What we're estimating so far, this is again work in progress, is that these policy teams are 15 times the size of lobbying teams, roughly. They're significantly way less likely to have government experience, and they seem less partisan than lobbyists. And we think that they're compliments to lobbyists, not substitutes.
And we really think there's two key takeaways to this paper. One, the literature has really underestimated the total amount of corporate political spending by only being able to focus on these publicly disclosed expenditures that occur outside the firm through lobbying. And the reality is that much more money is probably spent inside the firm employing and resourcing these internal corporate policy teams.
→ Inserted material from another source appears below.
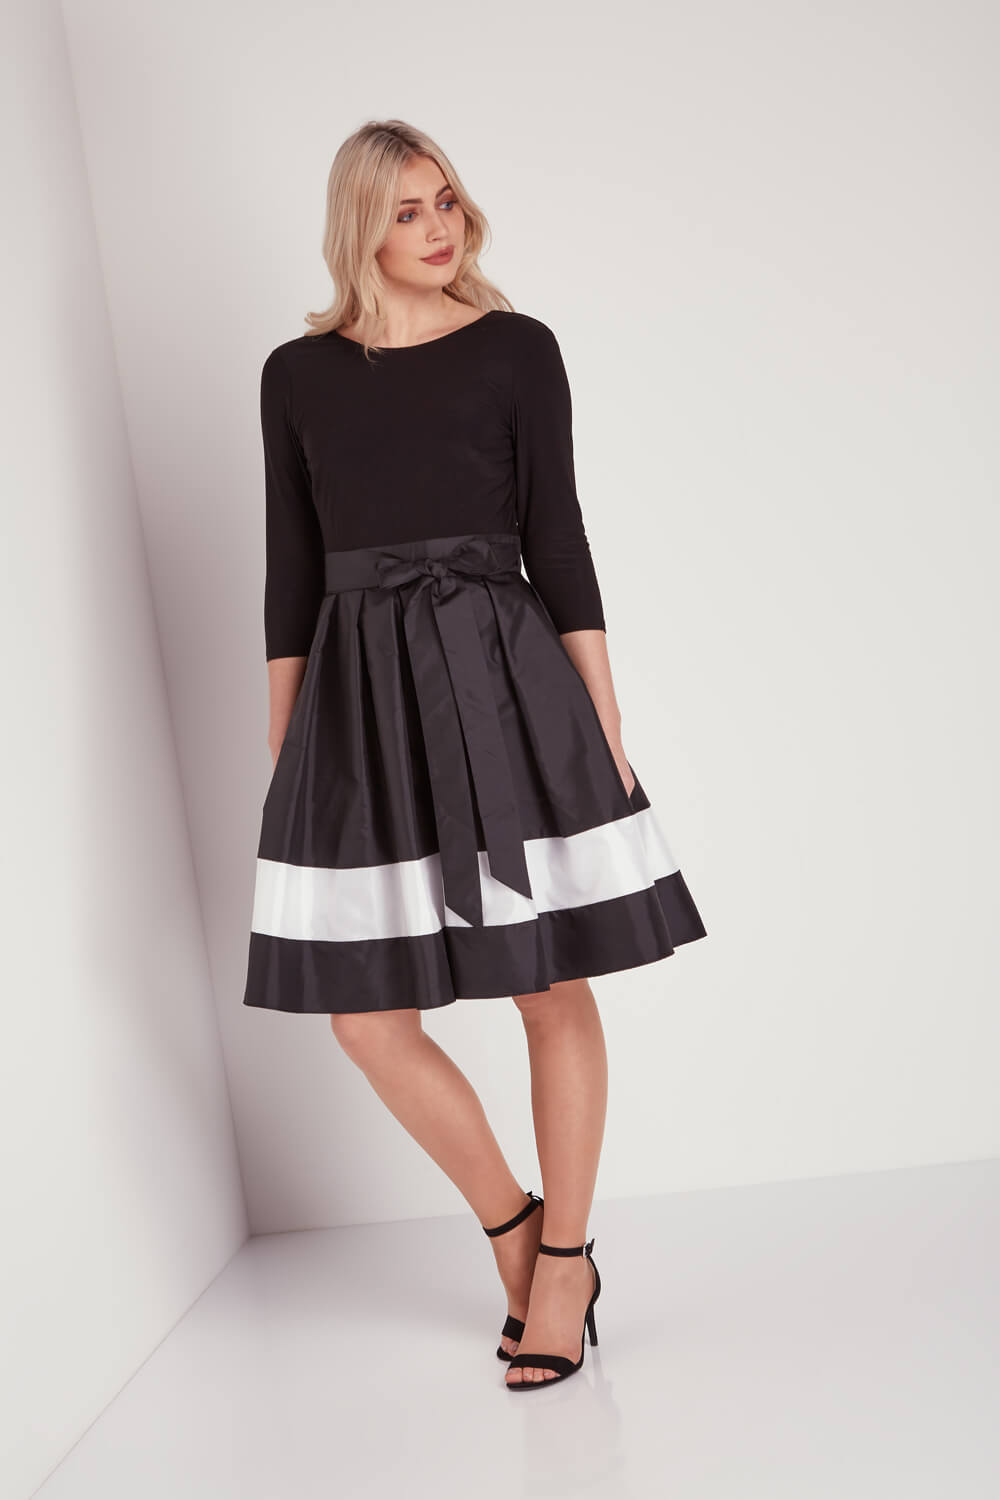 Contrast Fit and Flare Dress with Belt

Moreover, when we turn to the mechanisms of how does lobbying work, we think that this evidence is probably closer leans us a little, lets the pendulum swing a little back towards informational lobbying, and away from quid pro quo lobbying. Again, not to say that both are not important, they clearly are.
But what we're finding is of all this money that is being spent on lobbying that wasn't previously being measured by the literature. We think a lot of it is going towards develop, studying and developing ideas, strategy and evidence, and less towards the relationship management, which is the part that you do observe in the publicly disclosed data.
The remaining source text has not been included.